* _Your instructions_: Beginning with the line containing "Un cuisinier diététique" and ending at the last line of the data, set down every line exactly, leaving out all pictures.

* _Raw data_:
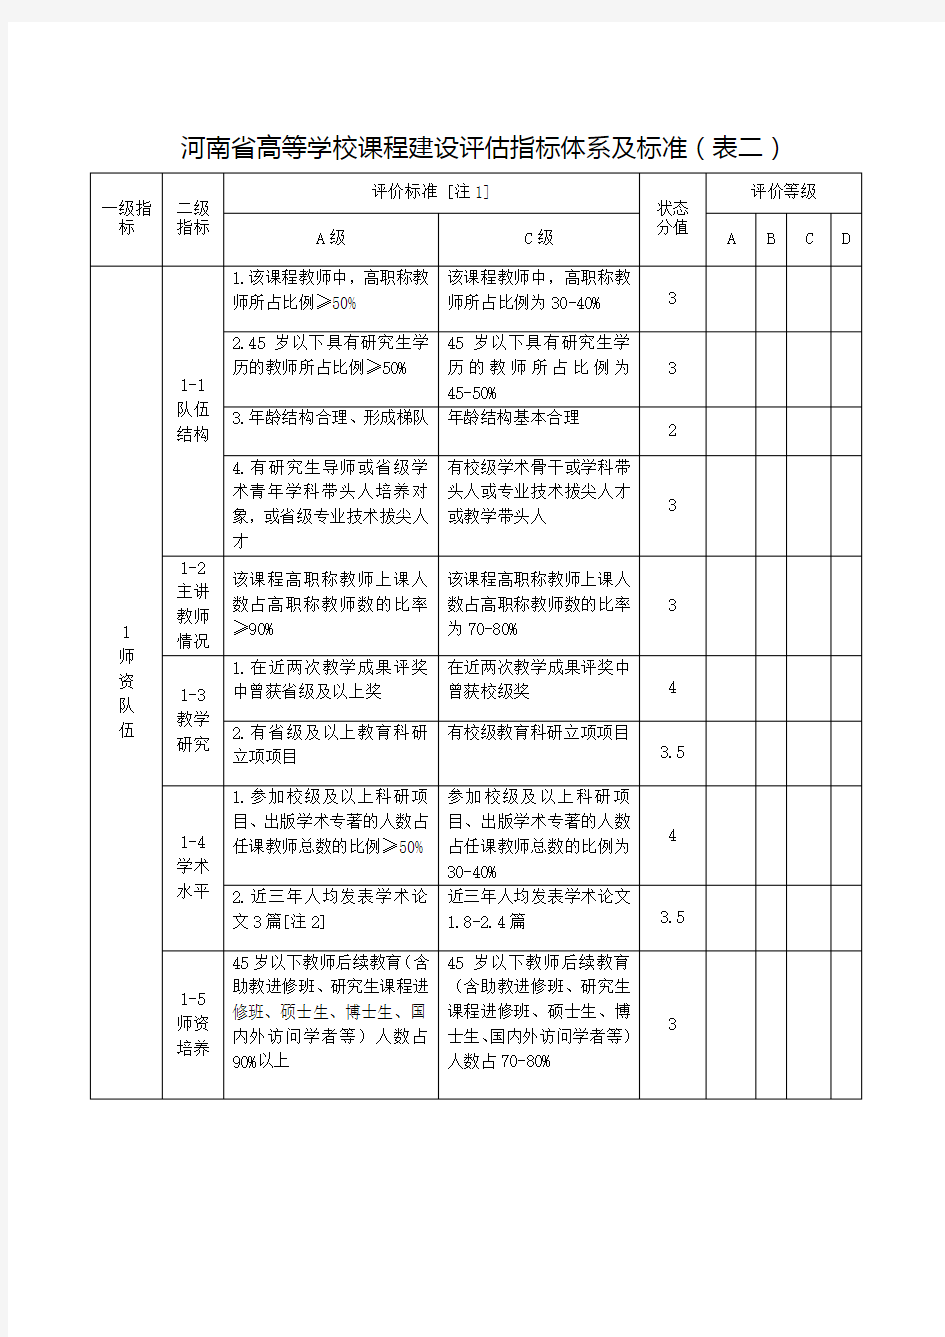 河南省高等学校课程建设评估指标体系及标准表
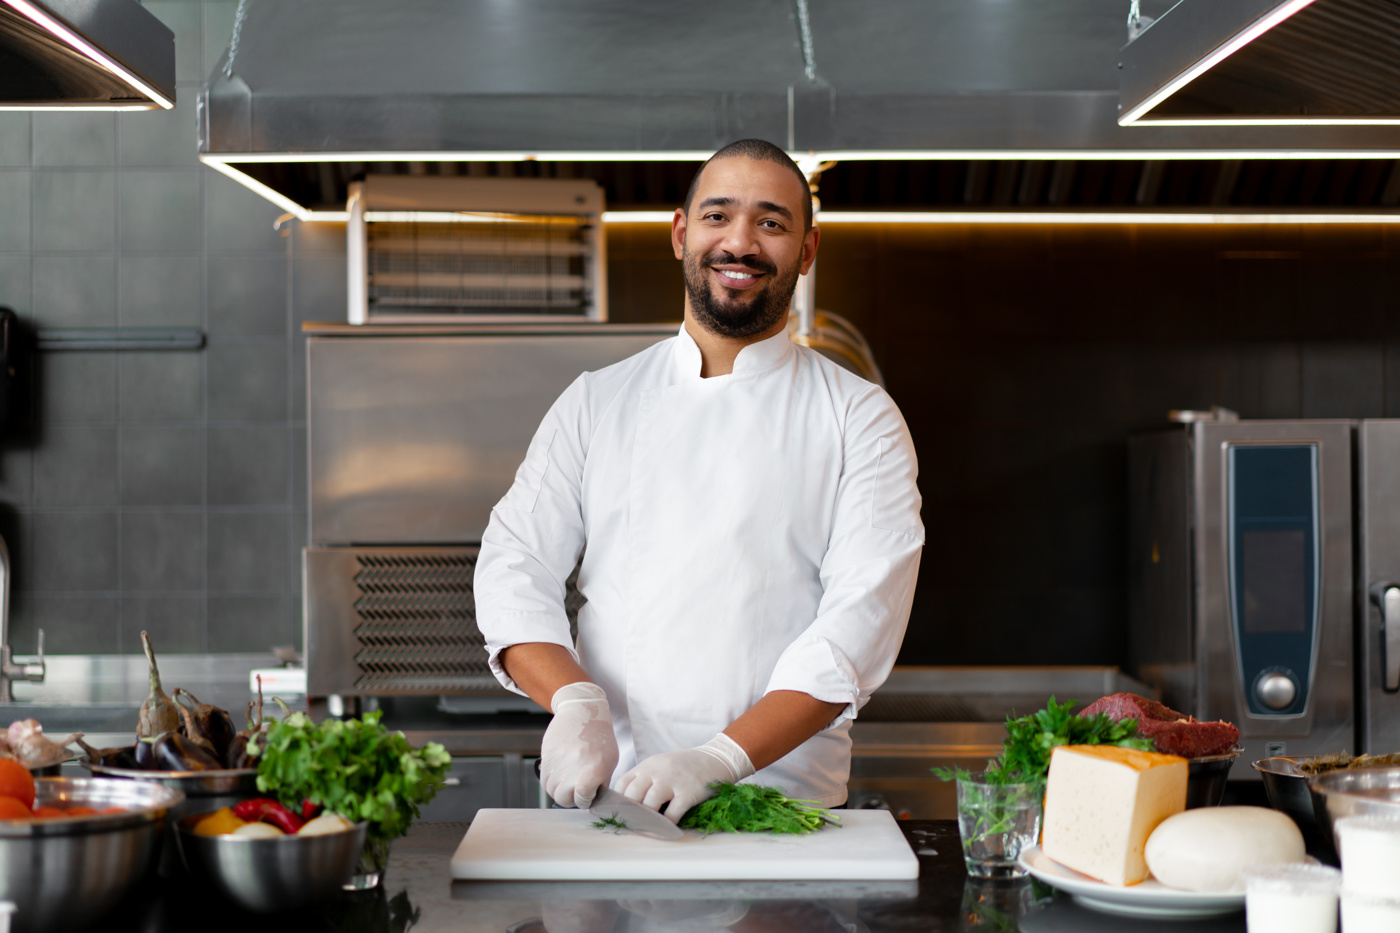 Un cuisinier diététique avec brevet fédéral se trouve dans la cuisine et prépare une soupe saine.
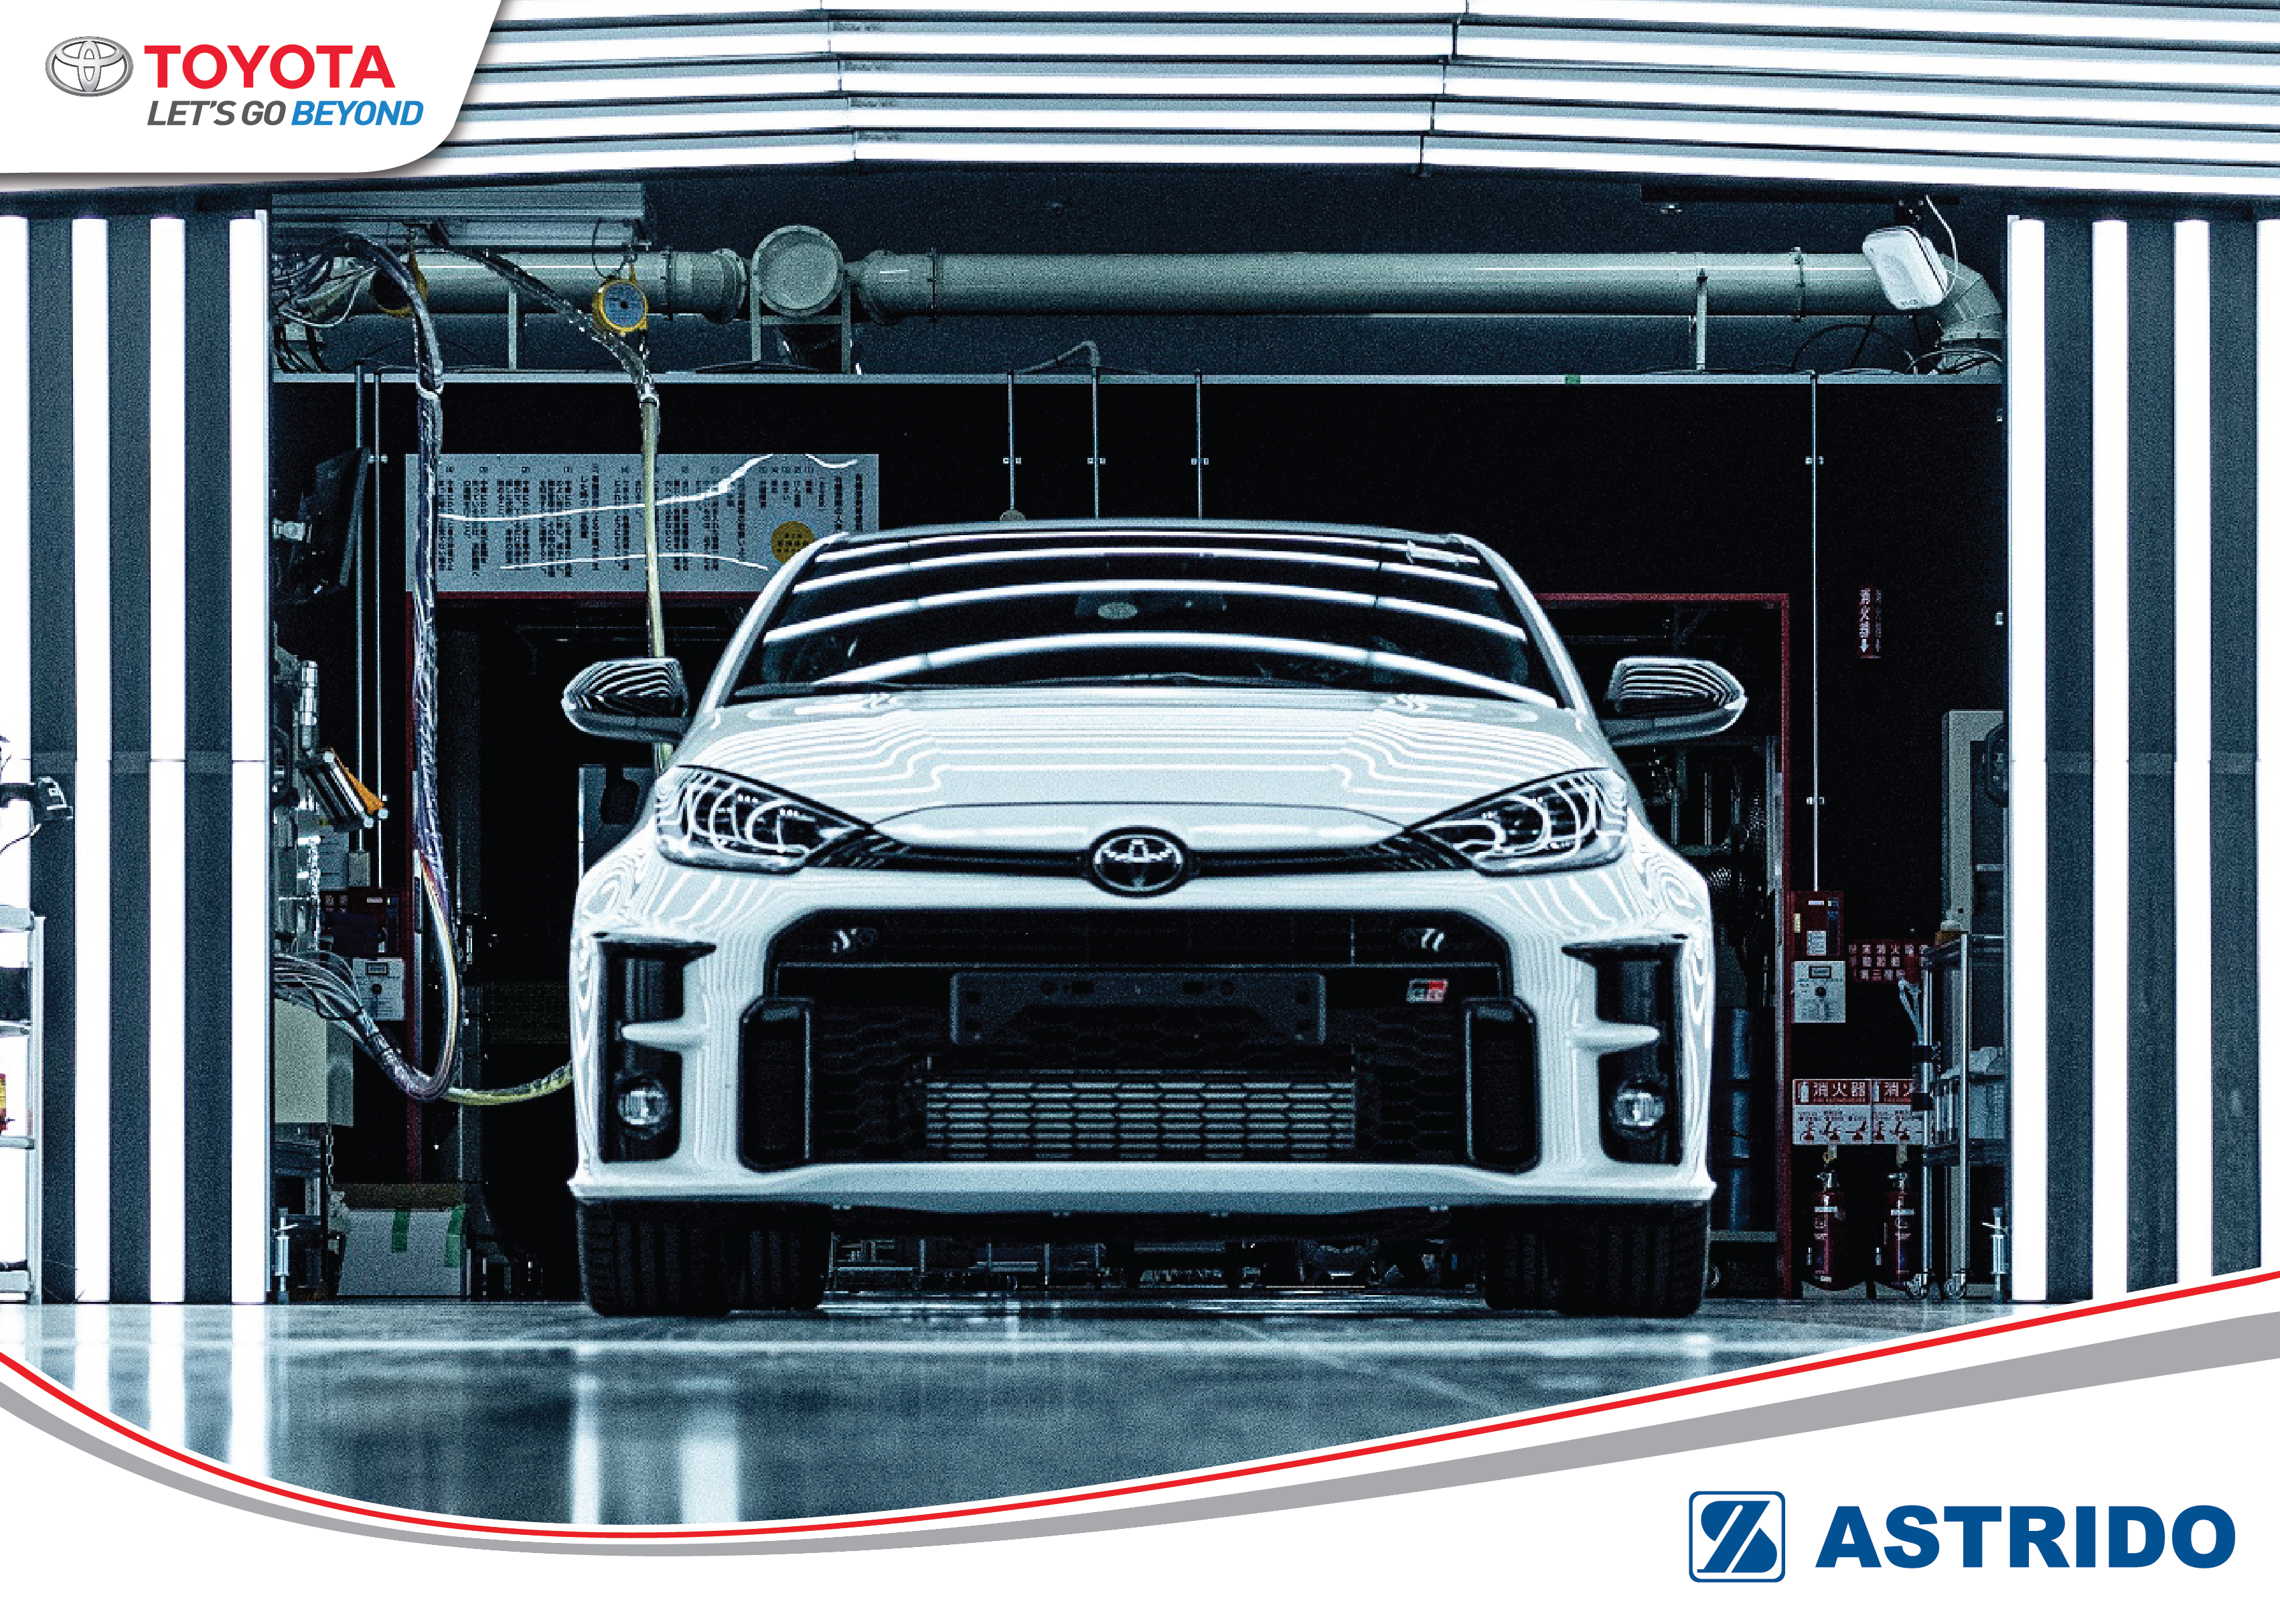 Toyota AStrido - GR Yaris, Mobil Andalan Toyota Untuk Menangkan Ajang World Rally Championship Segera Hadir di Indonesia

* _Task output_:
 Un cuisinier diététique avec brevet fédéral se trouve dans la cuisine et prépare une soupe saine.
 Toyota AStrido - GR Yaris, Mobil Andalan Toyota Untuk Menangkan Ajang World Rally Championship Segera Hadir di Indonesia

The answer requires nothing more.